The reason you gain boost with a cut out is because you are decreasing backpressure behind the turbo, allowing the turbine to get a higher expansion ratio.”
the garret link really just shows bigger ar = more top end power at the expense of spool rate , which is what everyone would expect . They don't mention whether boost went up or down from just the swap and I'm guessing they did what they had to get it the same.
I'll try to make this short , about 40 years ago in trade school the subject was Detroit diesel tune up procedure with a drawing of a 2 cycle dd with turbo and blower (think 6-71) so I ask the instructor -do they use a different camshaft in the turbo engines to close the exhaust valves earlier to stop the boost from going straight out the exhaust. He said - don't know and nobody ever asked that before LOL. He checked with some people and no ,Same cam.
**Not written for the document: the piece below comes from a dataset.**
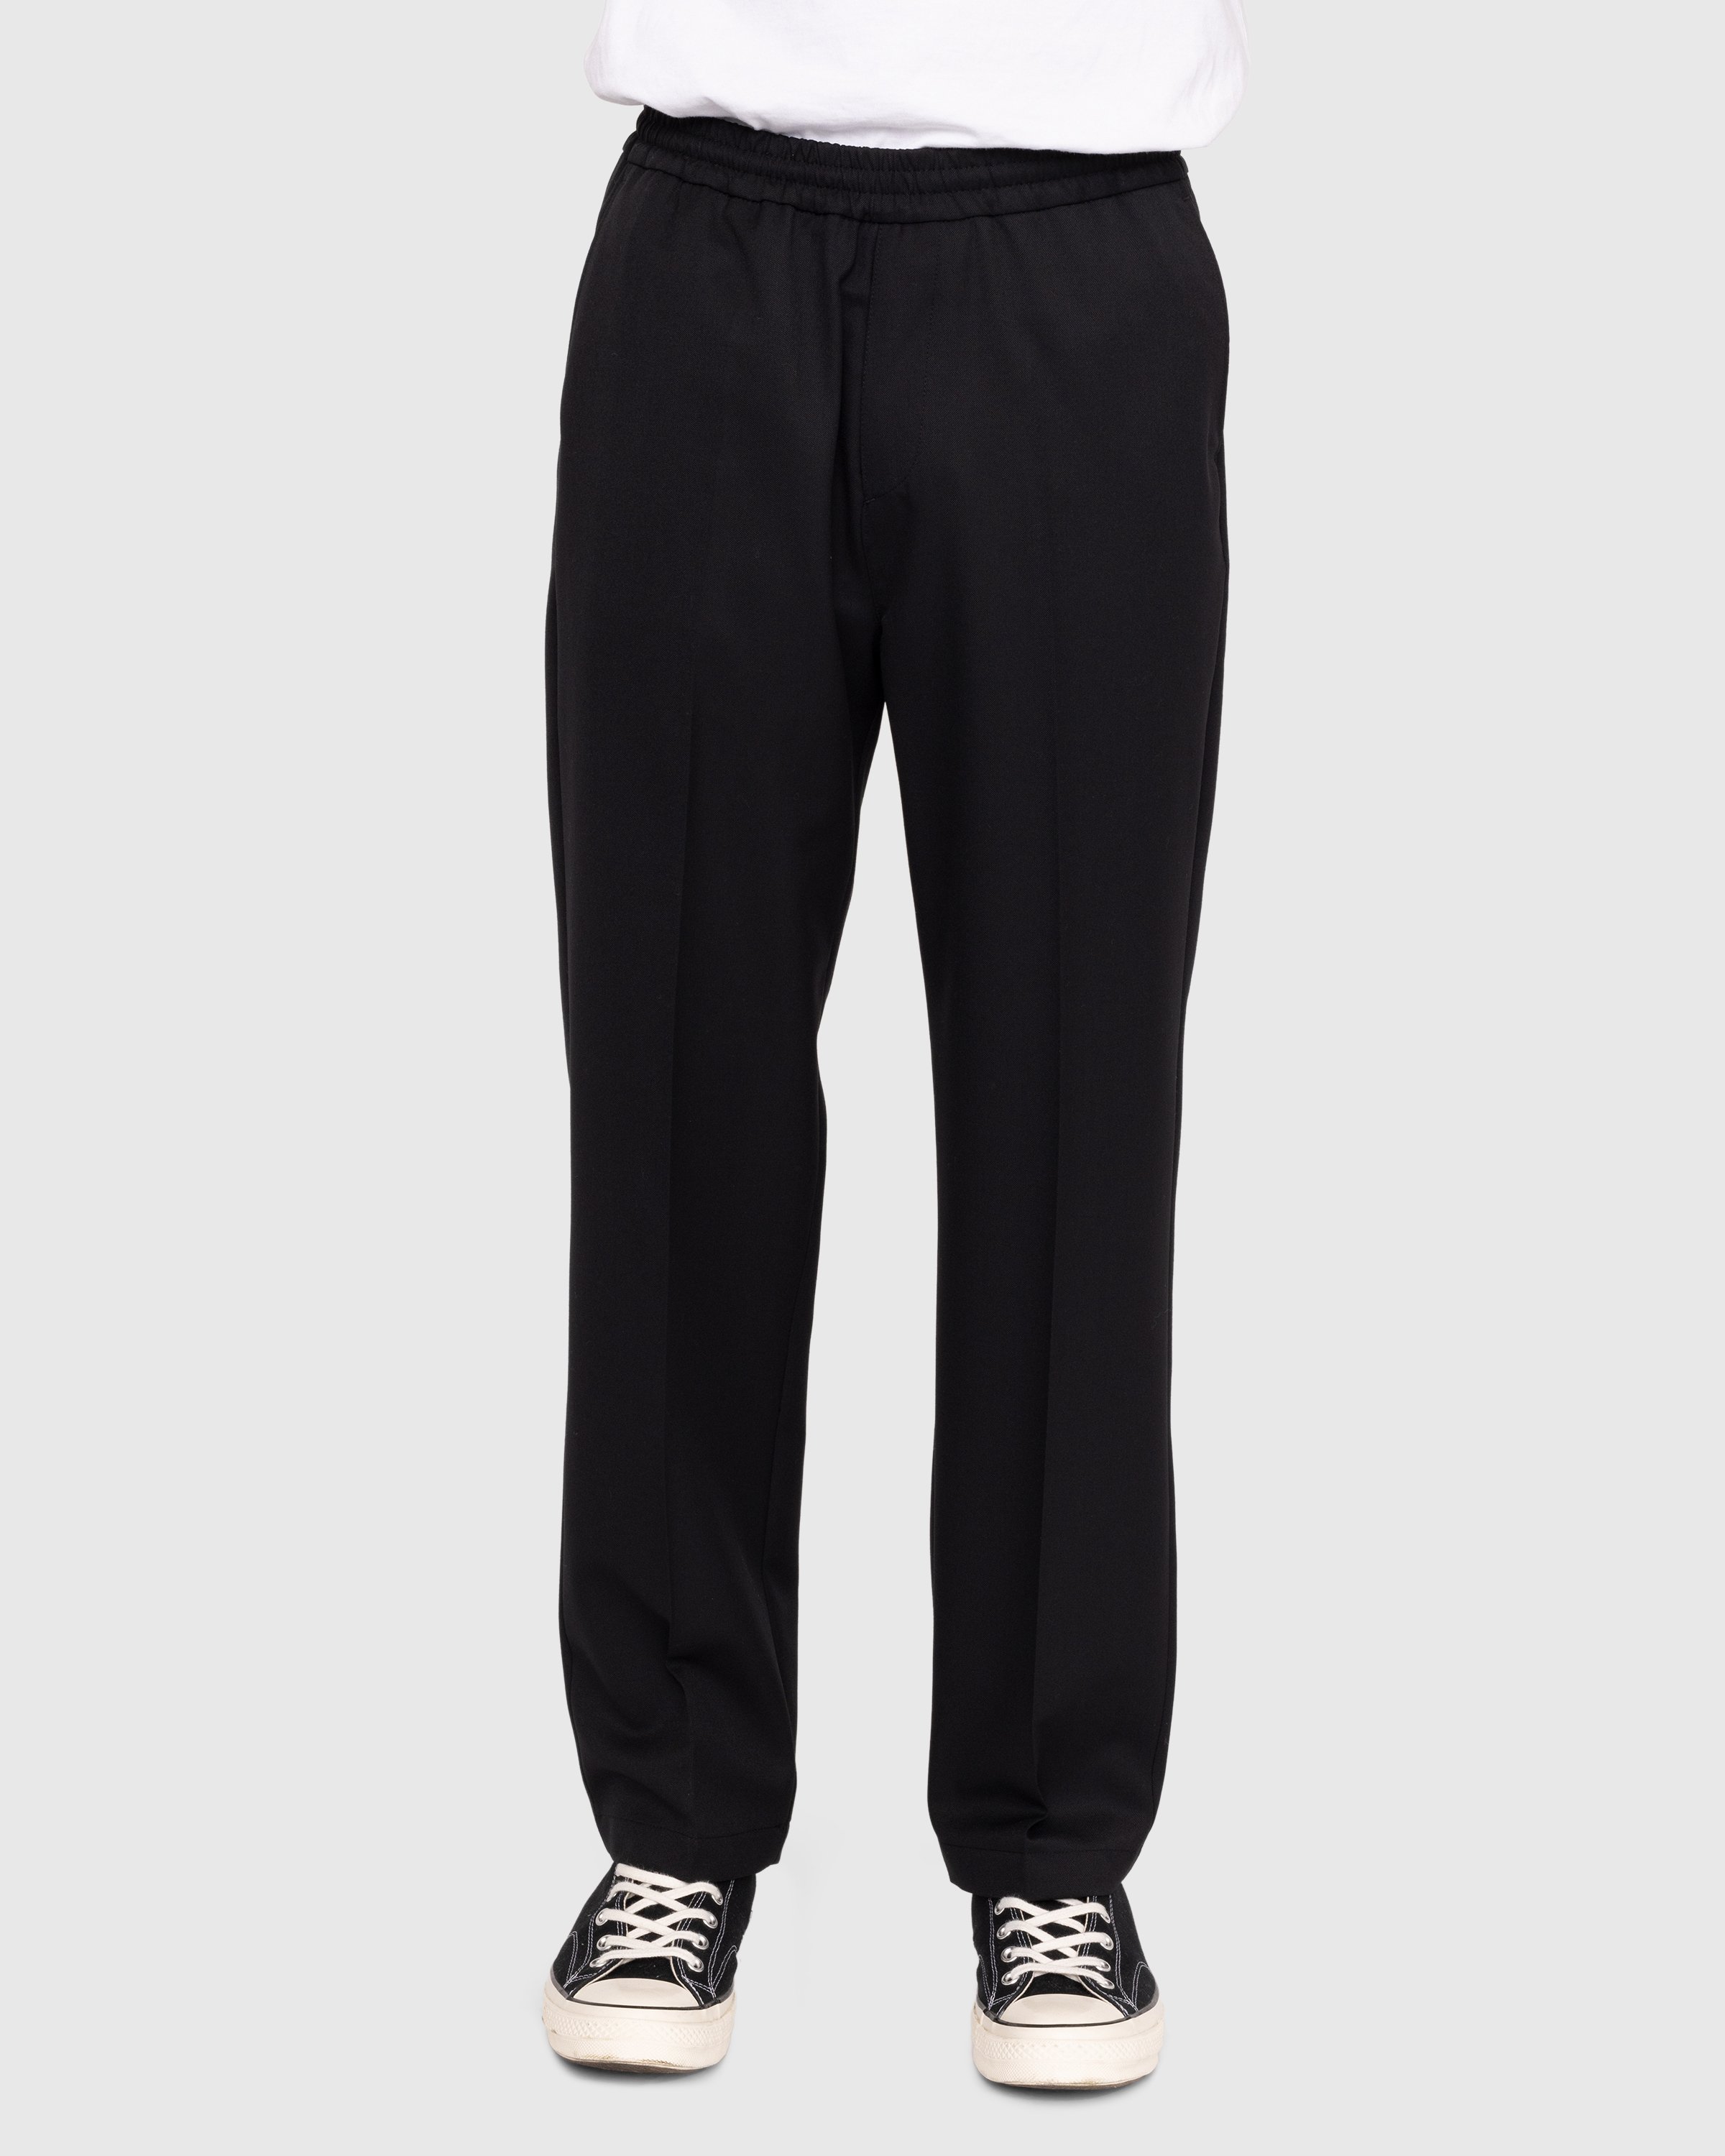 Highsnobiety - Wool Blend Elastic Pants Black - Clothing - Black - Image 2

So I figured it out , the only reason those engines can build boost is by having exhaust back pressure. Anyways how does this apply to our stuff ? Lower back pressure means less exhaust left in the CC and more room for charge air which means less restriction to flow on the intake which would lower boost pressure ( not power or flow ) mostly trying to explain how kfx got lower boost after the swap . Like I said earlier, there's a lot a variables at work here , from valve events to intake / intercooler restrictions and where on the compressor map you end up when you increase flow , how much power/torque/rpm the turbine is able to produce with a different housing. Most of this over my head for sure , that's why I just try to use what others have had good results with lol and this housing swap is something I'm considering but someone has else to prove it's worth while LOL. This is my understanding of the whole thing, keep the great info coming !!